МОИ ДРУЗЬЯ ФАРЦОВЩИКИ
В начале 70-х годов прошлого века, молодой человек, небезразличный к своей внешности, заработав за год работы в Египте некоторое количество «сертификатов Внешпосылторга», я кое-что покупал в магазинах, неизвестно почему называвшихся «Березка», но иной раз расстраивался, видя на ком-нибудь такую же курточку или галстук. И иногда обращался к тем, кого называли фарцовщиками — почти забытое ныне слово, происхождение которого мне неизвестно. Это были, как правило, странноватые люди, говорившие полушепотом. И все же я испытывал к ним симпатию — по-своему они вырывались из рамок системы. У каждого свой способ выйти за рамки, думал я — одни читают ночи напролет Бродского, другие диссидентствуют, третьи пьют, а эти занимаются фарцой. Запомнились двое.
Судьба одного из них, пожалуй, вполне обычна. Юра Ш. работал в каком-то НИИ, но о своей работе никогда даже не упоминал. «Юра — это торгующая организация», — говорил сосед Георгий Михайлович П., ставший моим «проводником» по дому, где я поселился после развода. — «Объемы у него небольшие, но вещи хорошие, берет дорого». Юра был дружелюбен, и, когда он давал понять, что хотел бы «зайти посидеть», отказать ему было трудно — да и вообще в начале 80-х соседские отношения были не те, что сейчас, люди друг друга знали и общались запросто. Я ездил в командировки в Европу, и Юра пару раз намекнул на возможность сотрудничества. Я сделал вид, что то ли не услышал, то ли не понял; Юра не обиделся. Но и после этого Юра позванивал, заходил. Однажды он застал у меня Марину Б. и целый час, поддерживая разговор, смотрел в основном на нее. «Стильно одевается», — прокомментировала Марина, когда Юра ушел. «А я?» — «Когда мы познакомились, ты одевался, как советский инженер», — сказала Марина (мы были знакомы очень давно), и после паузы добавила: — «Сейчас лучше».

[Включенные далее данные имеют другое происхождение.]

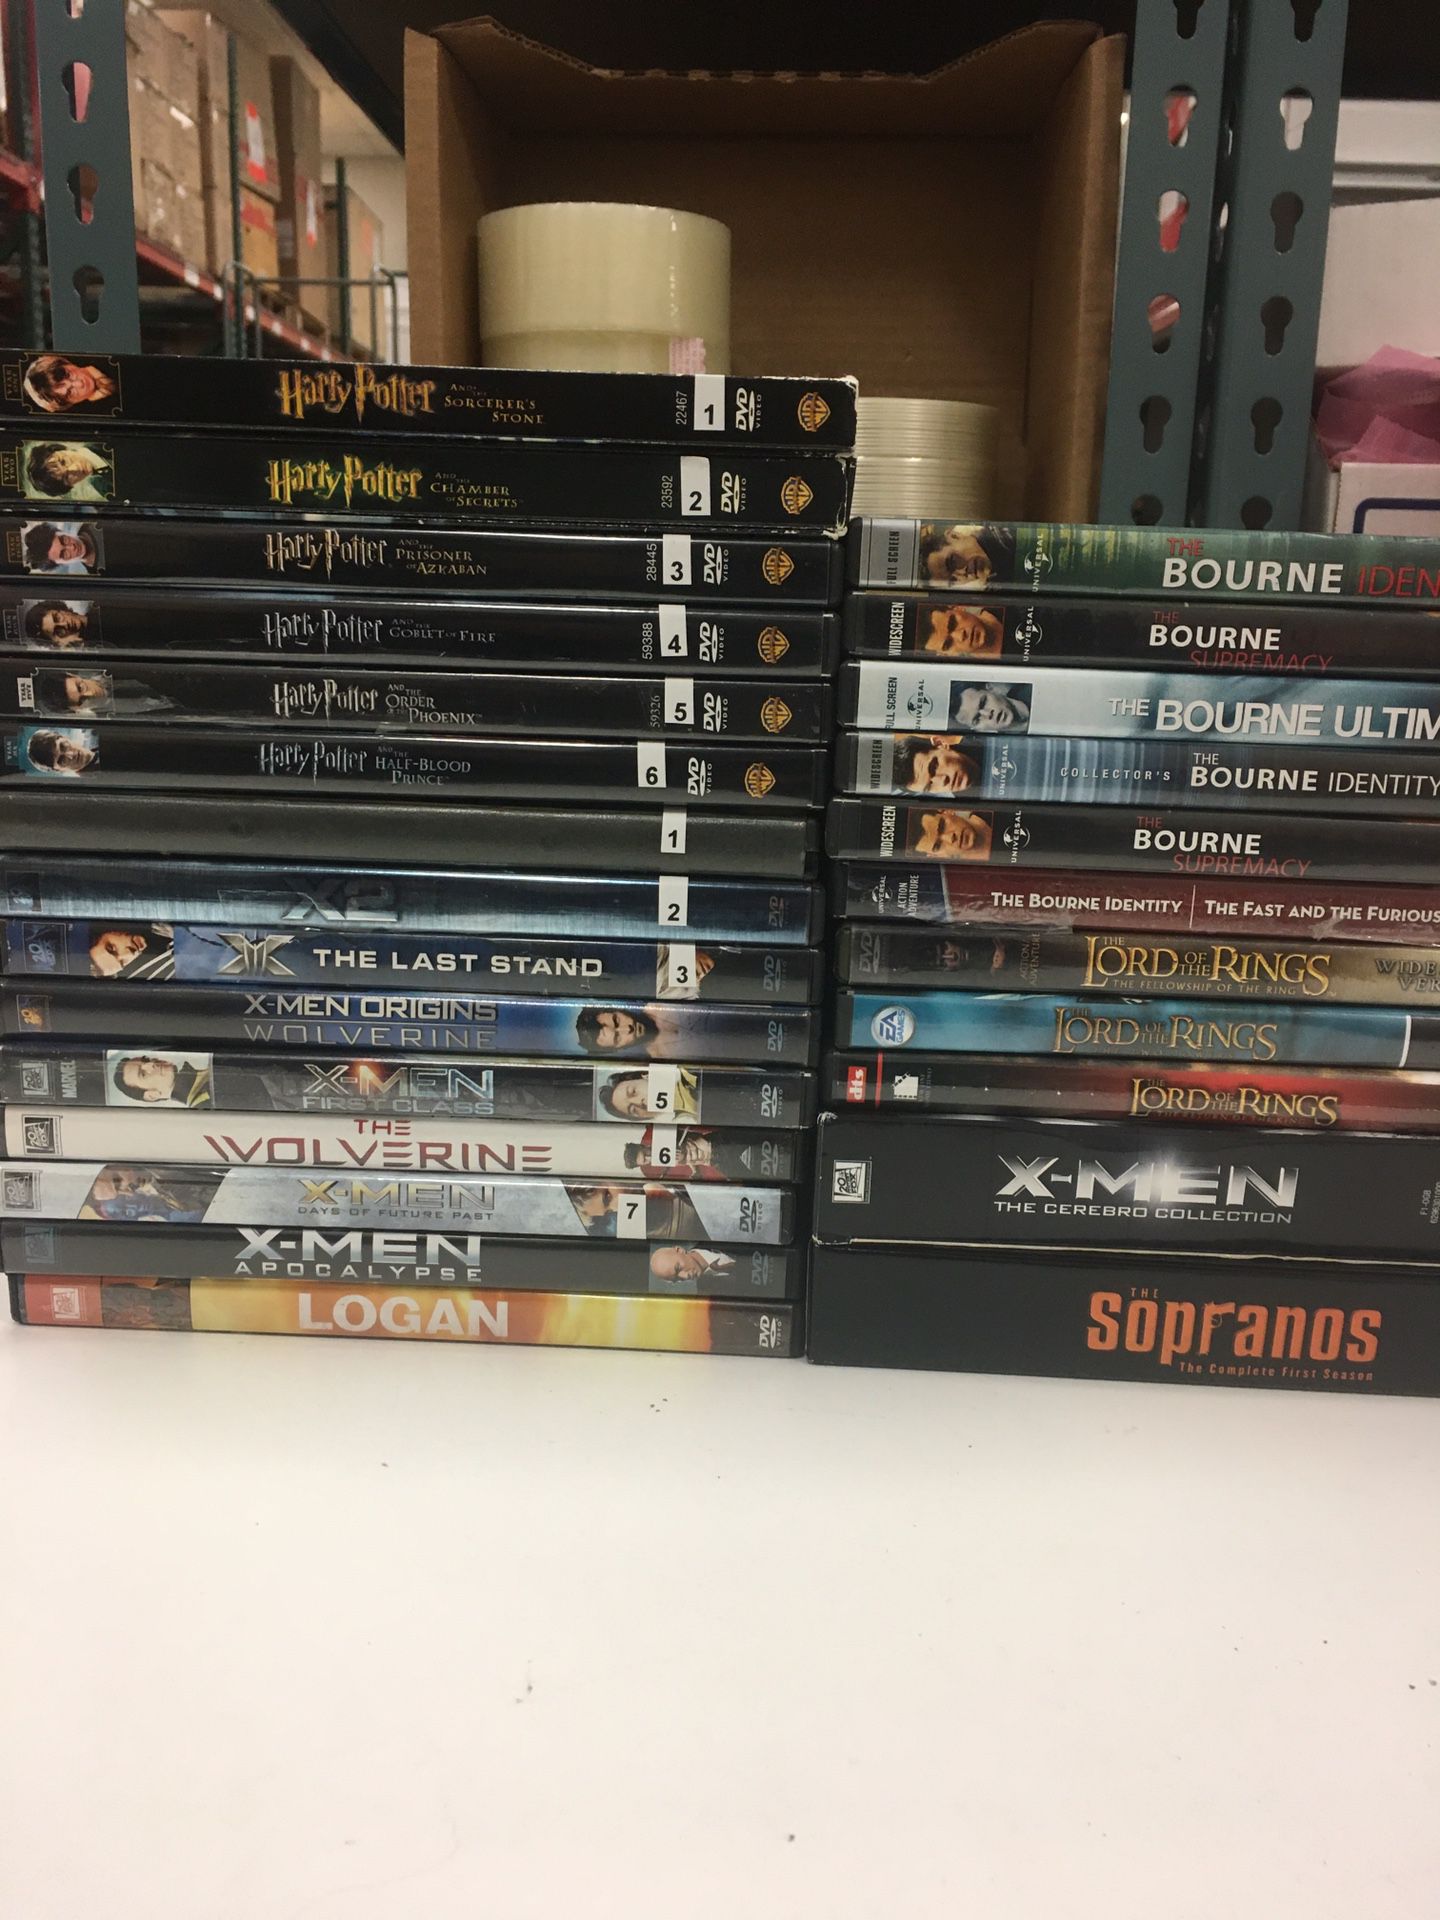 Huge collection of DVD’s
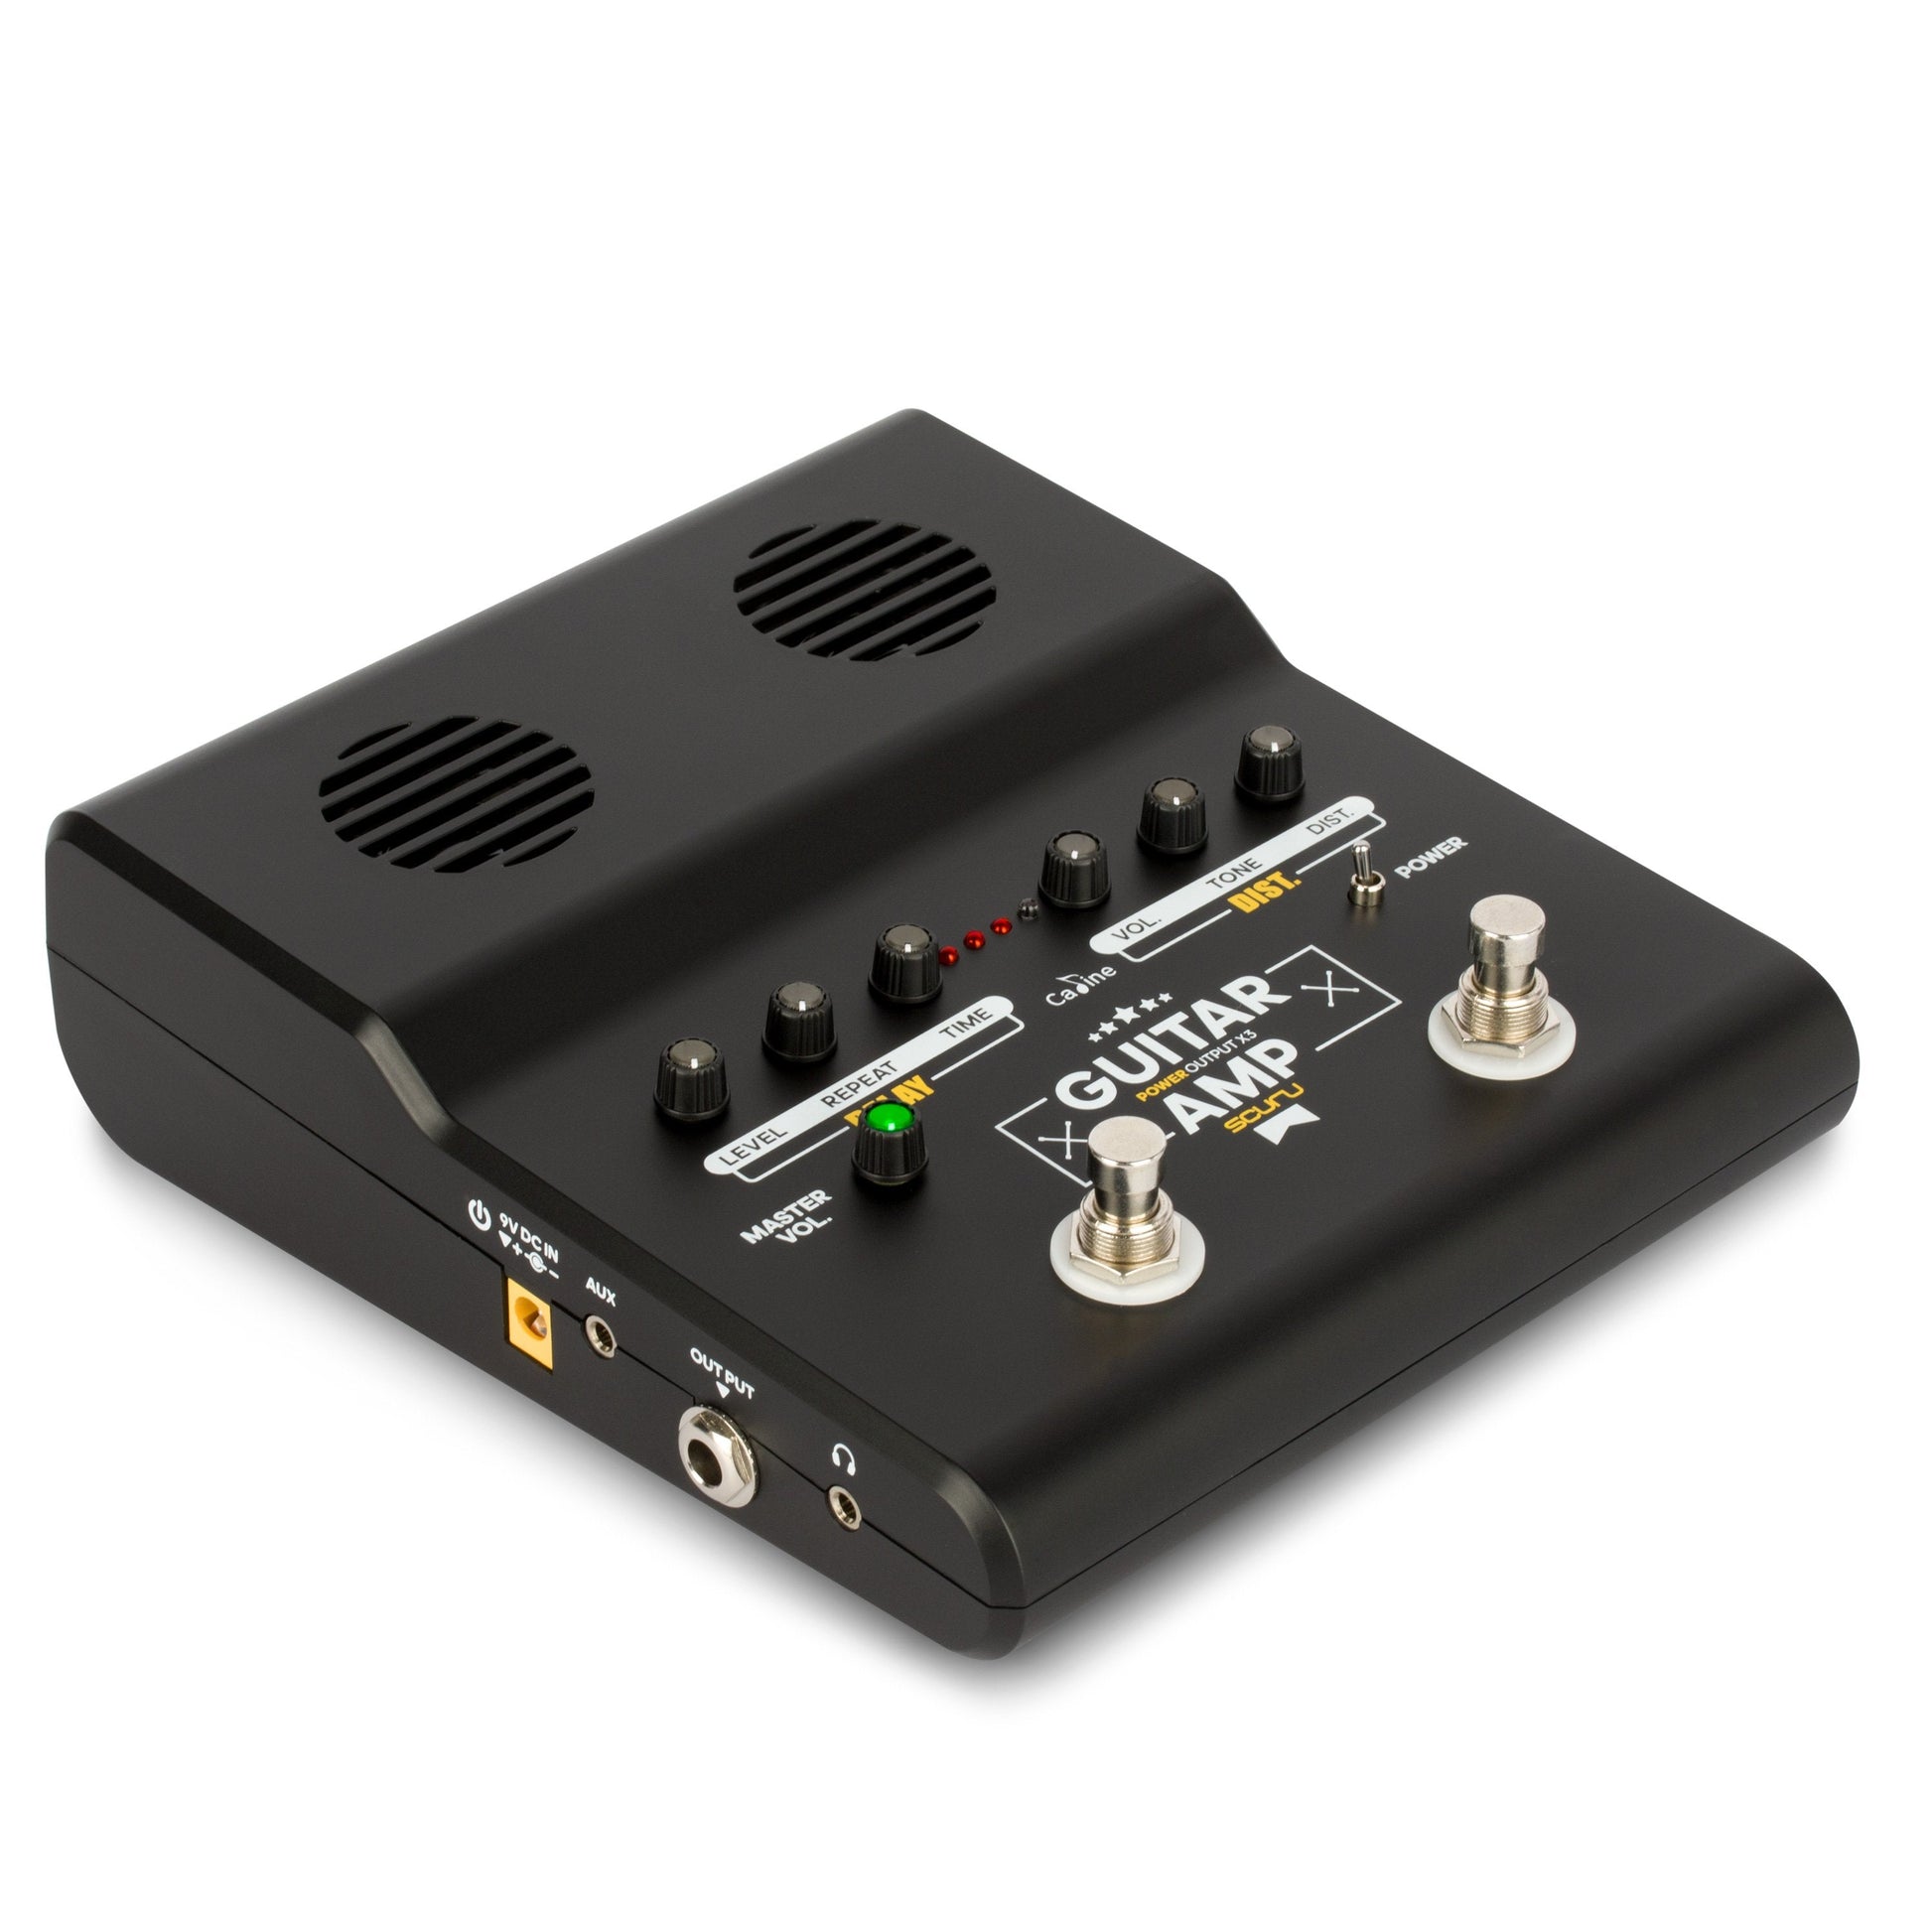 Scuru S5 Mini Guitar Amp with Power Supply and Effects - GuitarPusher

Юра живо интересовался изменениями, начавшимися в середине 80-х годов, задавал вопросы и о международных делах, но делал это тактично, без нажима. Как только был облегчен режим выезда, у него обнаружились родственники евреи, и он уехал. Обосновался в Нью-Йорке, торгует недвижимостью. Не знаю, почему в этом огромном городе иногда встречаешь на улице людей, с которыми был когда-то знаком — казалось бы, легче сыскаться иголке в стоге сена. Со мной это случалось не так уже редко, я перестал удивляться. Юра окликнул меня у Lincoln Plaza Cinema лет, наверное, через десять после того, как мы виделись в последний раз. Поговорили, как и прежде, легко и хорошо — и разошлись.
Совсем другой человек — Саша Я. Тоже приторговывал в советские годы, но мне это казалось странным, неорганичным для него, а потом случился в его жизни поворот, неожиданный, наверное, для всех его знавших.
Он был, что называется, из хорошей, предельно советской семьи. Наши родители были немного знакомы, а я, когда ближе с ним познакомился, первое время завидовал ему. Саша увлекался авиамоделированием, радиолюбительством, легкой атлетикой и бог знает чем еще. Меня все это не интересовало, но, может быть, поэтому и завидовал. До сих пор в памяти слово «гетеродин», и до сих пор толком не знаю, что это такое. Однажды, когда ему было лет тринадцать, был такой случай: он сделал какую-то совершенно замечательную модель, которой очень гордились его родители, поехал с ней в Горький на соревнования, и модель улетела, пропала бесследно. Я, как мог, его утешал. А в четырнадцать лет он начал рассказывать мне о женщинах, и что-то подсказывало мне, что не врал.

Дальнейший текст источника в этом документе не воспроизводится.